I was the head of my family. I not only cared for my wife and children but also my mother and younger siblings. The conditions of HRMCC have caused a painful life for both me and my family for the last nine years.
Because of the ‘privilege’ of only a few 6 minute calls per week and the little contact by way of visits, communication between me, my wife and my children completely collapsed. In November 2010, we were forced to divorce.
The HRMCC is designed to strip everything from you; family, friends, all loved ones; everything you know. Although Sydney is only 2 hours away, it feels as though you are completely and utterly cut off from the outside world.
Overall, I feel very depressed with how things have happened and the oppressive system forced upon me at HRMCC, add to that the injustices many officers perpetrate.
Having my rights taken away from me and basically not being able to move or look sideways without being constantly watched and analyzed; I feel worse than a caged animal with no privacy or rights. Add to that the frequent cell searches, strip searches-which are humiliating and controlling of every item I have.

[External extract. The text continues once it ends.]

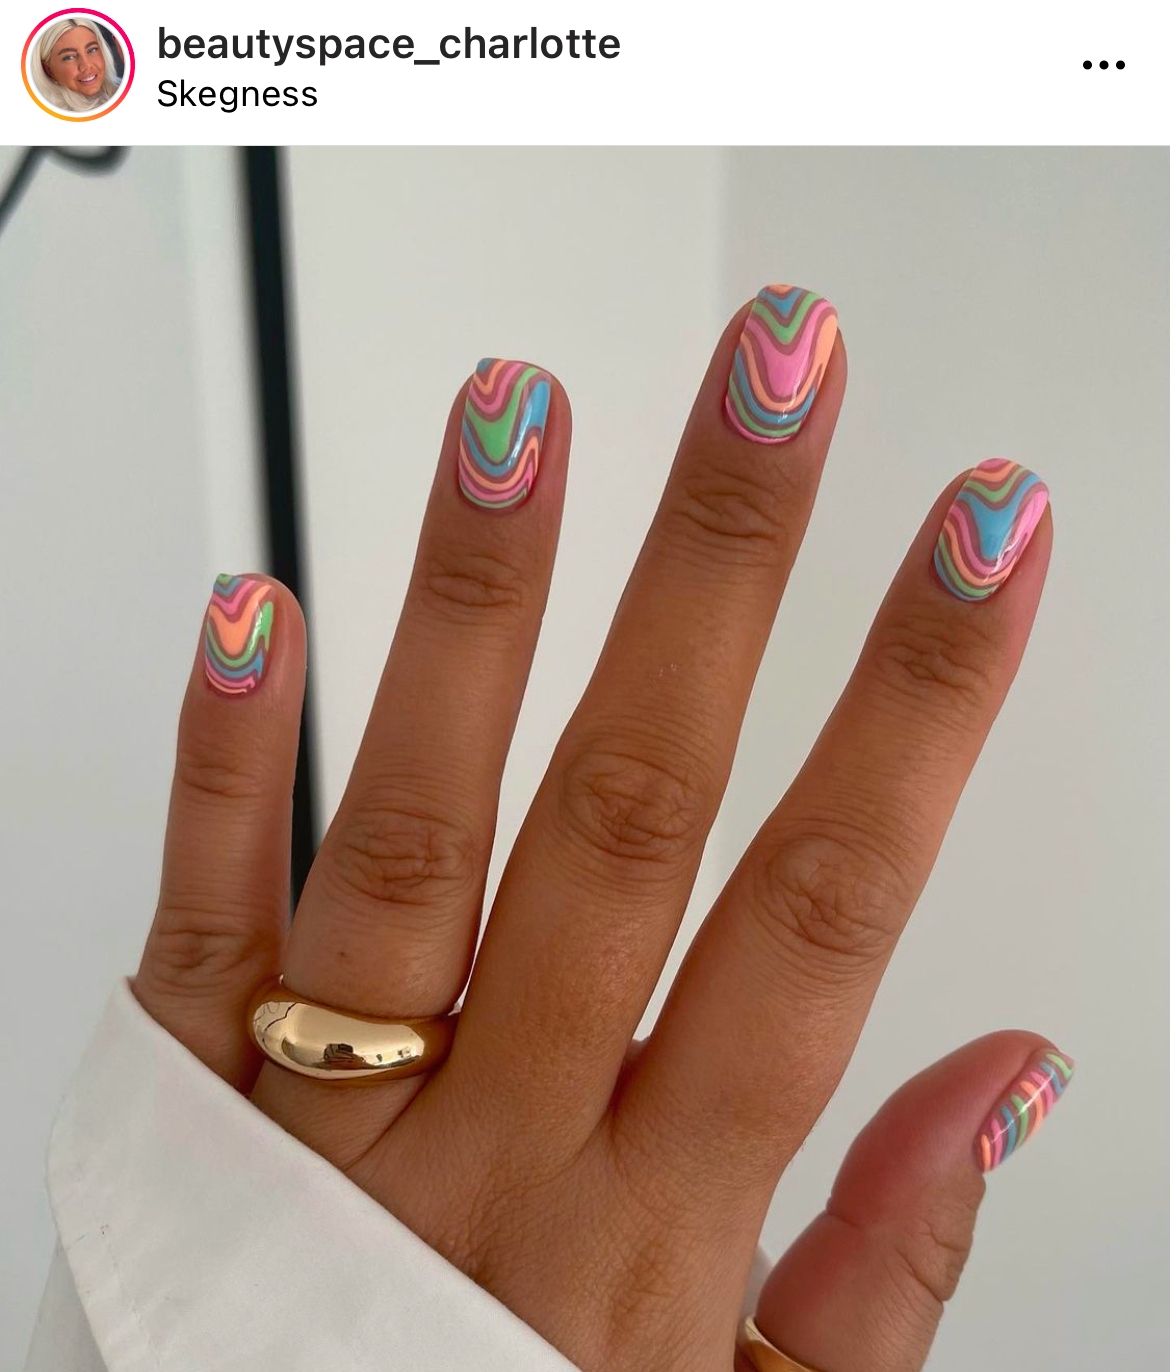 spring nail designs 2022

Trying to use the ‘system’ to voice injustices for various things has proven a farce. Complaint forms go ‘missing’ or into an abyss with no return. So being treated unjustly at HRMCC-be it humiliation, abuse and so on there is no way to combat it. The Ombudsman can’t do anything and the supposed ‘system’ put in place for preservation of our rights and dignity is non-existent, manipulated and full of lies and corruption. This causes so much sadness and despair because when I try to retain my honour and stand up for my right as a human being, all I find is this maze designed to ultimately serve and protect the interests of the perpetrators. This is evident in the numerous ‘Inmate Complaint and Request Forms’ I’ve submitted.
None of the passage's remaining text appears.